Polish President Andrzej Duda, who did not attend Israel’s national Holocaust Memorial last Thursday because he was not allowed to speak, thanked Rivlin for his presence at Auschwitz.
“This presence is a sign of remembrance, it is a visible sign of opposition to inhuman treatment, hatred, against all forms of hate, especially racist hate,” Duda said.
Set up by Nazi Germany in occupied Poland in 1940, at first to house Polish political prisoners, Auschwitz became the largest of the extermination centres where Adolf Hitler’s plan to kill all Jews – the “Final Solution” – was put into practice.
It was liberated by Soviet troops in 1945.
Returning to the site where her relatives were murdered, 92-year-old Holocaust survivor Yvonne Engelman, who now lives in Australia, recalled the horrors of the camp.
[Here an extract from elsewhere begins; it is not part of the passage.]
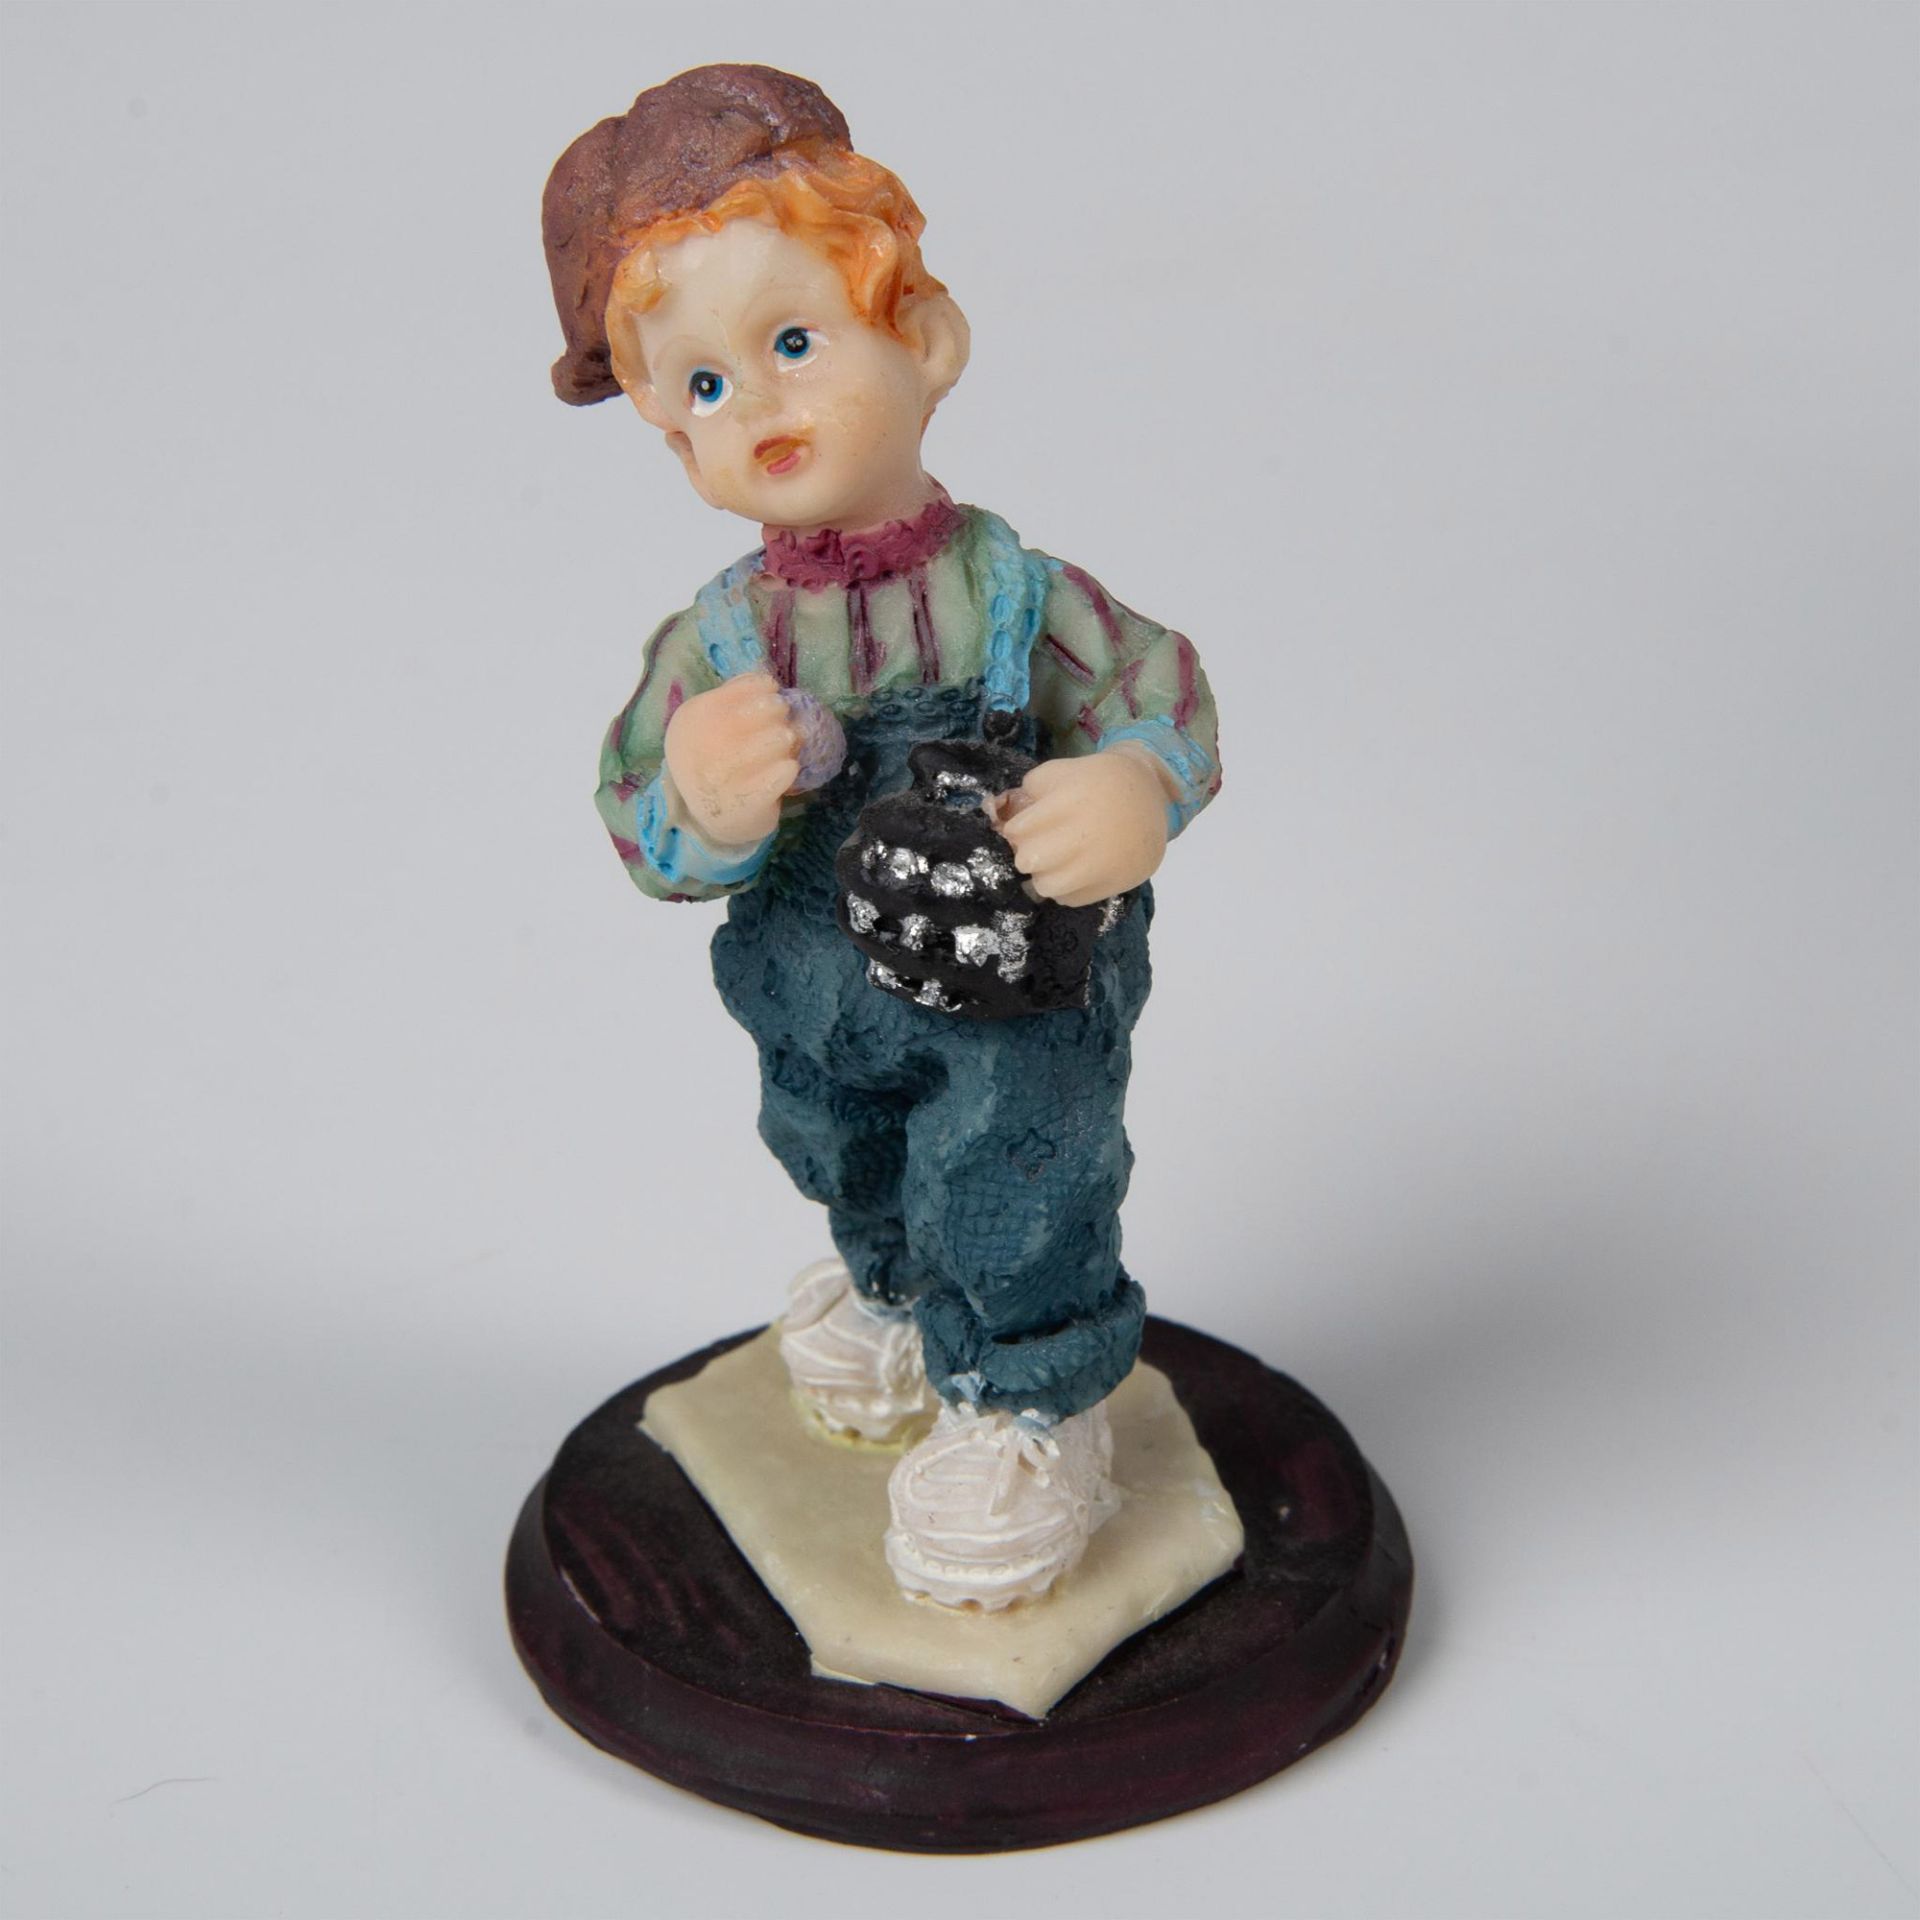 6pc Pharmacist Collectible Figurine Grouping - Image 3 of 14

“We could hear children coughing, crying, choking from the gas and also the smell of human flesh and the great fear we experienced that maybe you will be the next victim,” she said.
During a sombre ceremony at the gate to the camp, Duda spoke of the chilling efficiency of the Nazis’ genocidal plan, which included vast crematoria to burn the bodies of victims.
“For years the factory of death operated at full capacity. Smoke was rising from the chimneys, the transports were rolling. People walked and walked in their thousands. To meet their death,” he told a gathering that included several dozen ageing survivors, German President Frank-Walter Steinmeier and French Prime Minister Édouard Philippe.
Studies show that anti-Semitic sentiment persists, especially in Europe, despite the scale of the Nazi atrocities, the powerful testimony of survivors and the number of films, books and exhibitions chronicling the Holocaust.
A 2019 survey by the U.S.-based Anti-Defamation League showed that about one in four Europeans harbour “pernicious and pervasive” attitudes towards Jews, compared with 19% of North Americans.
In Germany, 42% agreed that “Jews still talk too much about what happened to them in the Holocaust“, it said. Two people were killed in a shooting near a synagogue in eastern Germany in October, in what officials called an anti-Semitic attack.
Despite the joint message on anti-Semitism, Monday’s event highlighted tensions between Poland and Israel over Holocaust remembrance.
Rivlin called on Poland not to politicise the history of the Holocaust, a reference to the insistence of the nationalist Law and Justice (PiS) government that Poles had behaved entirely honourably during World War Two.
As part of a broader policy of historical revisionism, PiS seeks to highlight Poland’s own suffering in the war, when some six million Poles, including three million Polish Jews, were killed and Warsaw was razed to the ground.
While celebrating the thousands of Poles who risked their lives to help Jews during the Holocaust, PiS ignores others who helped the Germans and killed Jews.
“We shall forever hold sacred and cherish the courage of the … thousands of Poles,” Rivlin said. “We remember that during the war the Polish nation fought with great courage but we remember too that there were not a few in the Polish nation who stood by and even contributed to the murder of Jews.”
In addition to Jews, more than 70,000 Poles were deported to Auschwitz, as well as 21,000 Roma, 15,000 Soviet prisoners of war, and several thousand other people.
U.S. Secretary of State Mike Pompeo said the State Department would contribute an additional $2 million to the Auschwitz-Birkenau Foundation.
Two years ago its director, Piotr Cywinski, appealed to donor countries for more support. Germany was until now the only country to respond, although the United States and Poland had previously been big donors.